As with any cross-sectional study, we acknowledge the intrinsic methodological limitations of NHANES. While there is oversampling of older adults, we are limited by the number of subjects in the older age categories. Additionally, our results can only be extrapolated to community-based adults, and not institutionalized adults. While body fat % is considered the gold standard in defining obesity, the cutoffs appear to be arbitrary. Although other authors have repeatedly used these cutoffs and inadvertently referred to the 1995 WHO Technical Report,26 there remains no scientific rationale for using such cutoffs other than expert opinion.27, 28, 29 Future validation threshold studies by age, gender and race are critically needed.
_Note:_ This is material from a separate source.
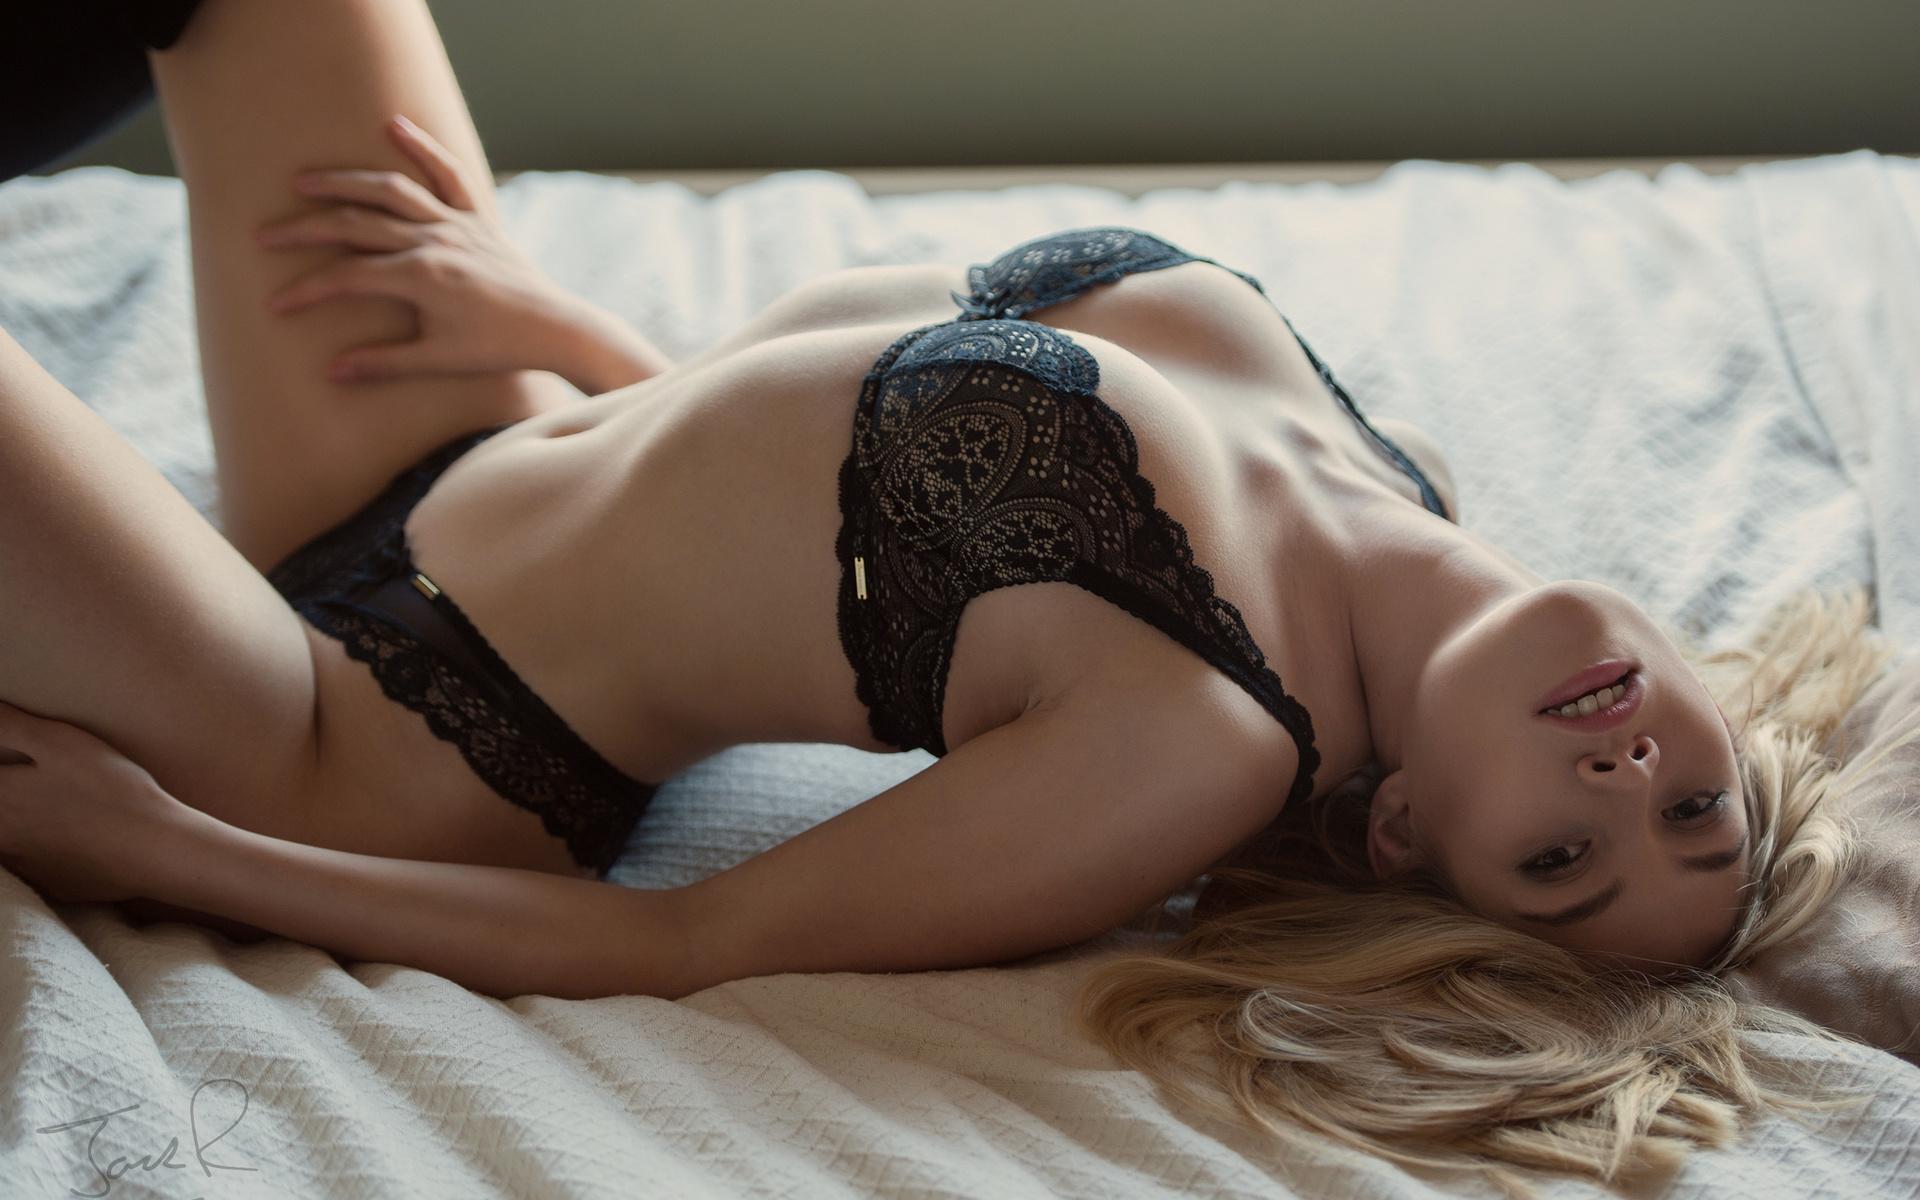 У девушки лежа видно нижнее белье фото, негритянки лижут задницу

A disadvantage of categorizing a continuous variable into categories is not only the loss of study power but values slightly above the threshold may have only incremental and modest long-term risk, potentially resulting in overdiagnosis.30 Misclassification is possible as well, and this has implications for public health in the identification and management of higher risk populations. While DEXA scanning is a reasonably inexpensive modality to routinely assess body composition, it is performed for unrelated clinical indications and not for this sole purpose. Future research and advocacy would provide more accurate assessments of obesity status compared with present anthropometric measures. Its accuracy in older adults is superior to that of bioelectrical impedance, in that the latter may underestimate truncal obesity and is highly dependent on water content, making it suboptimal for use in older adults.
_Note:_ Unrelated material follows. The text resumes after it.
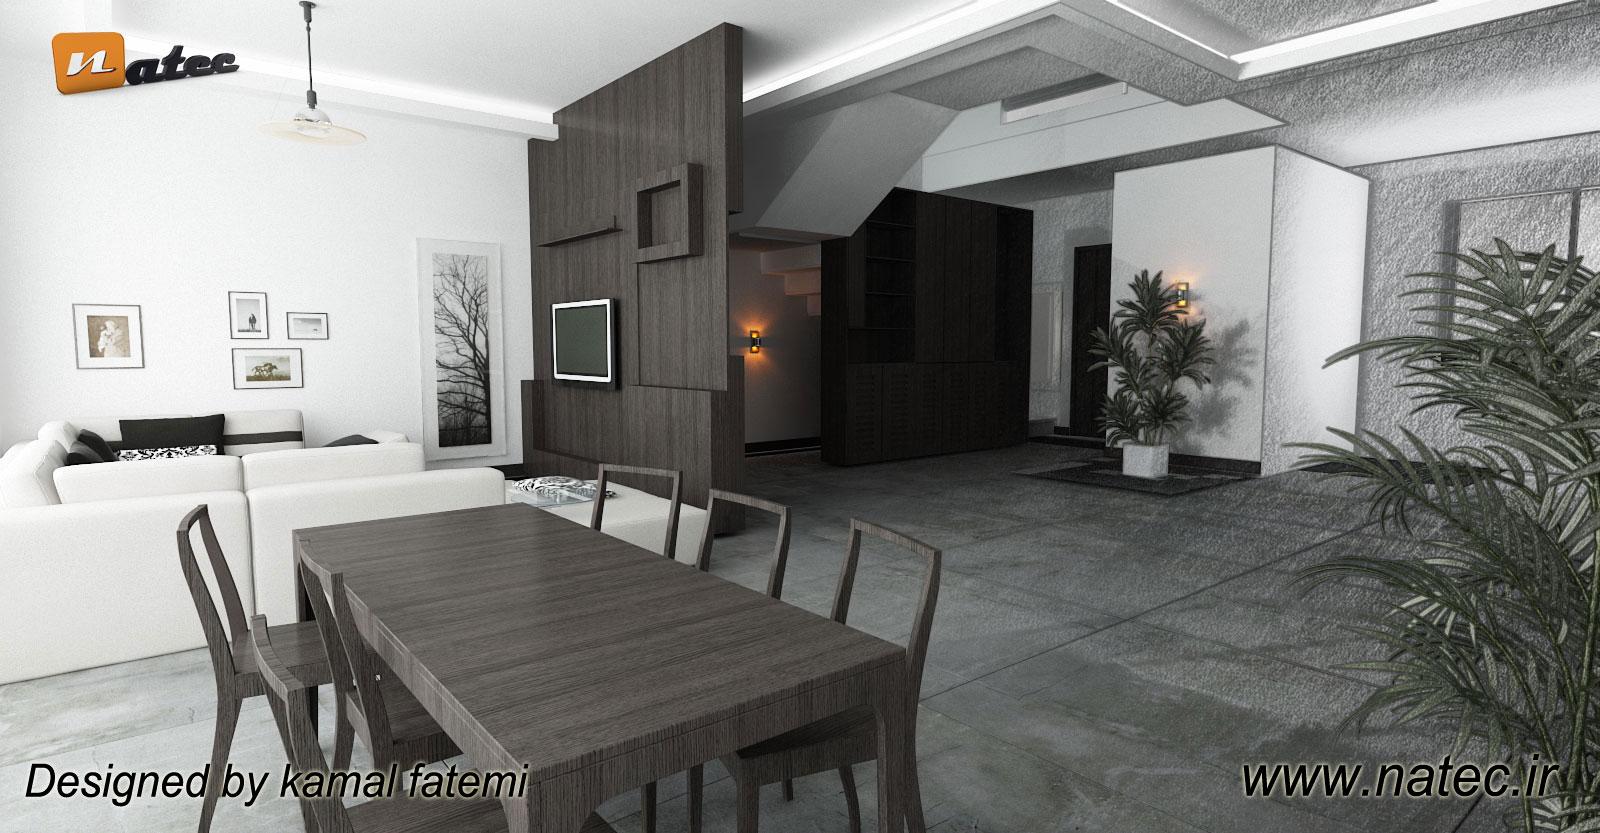 نمونه کار طراحی اتاق نشیمن بصورت مدرن و مینیمال
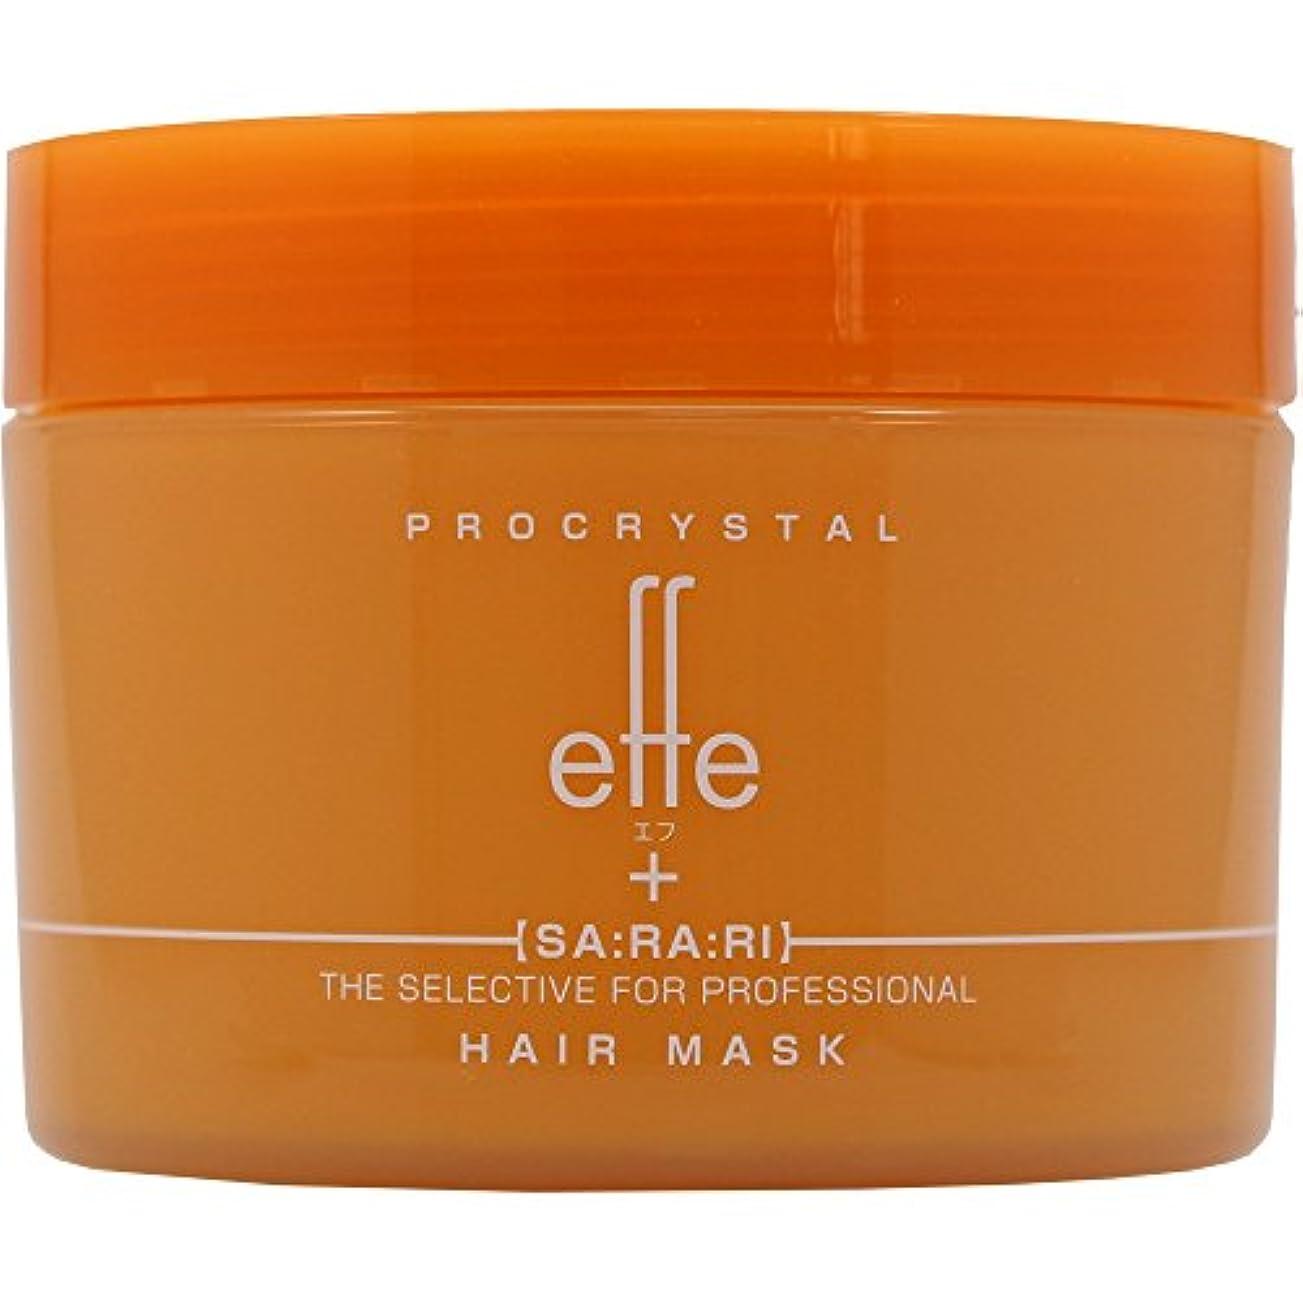 エロチックかけるクラウドアペティート化粧品 プロクリスタル effe (エフ) ヘアマスク さらり200g

Our study confirms using DEXA-based body composition measures that BMI suboptimally identifies adiposity. While gold-standard methods such as CT and MRI may provide accurate whole-body and regional assessment of fat and muscle,31 these are clinically impractical and costly for routine assessment. We suggest that accurate measurements of adiposity be considered using DEXA in older adults, particularly when this test is performed for other indications, such as osteoporosis screening or monitoring. This can eliminate the challenges observed with using BMI as a clinical tool and its lack of diagnostic accuracy. Future studies should evaluate the added cost burden compared with the information that this modality can provide to a clinician.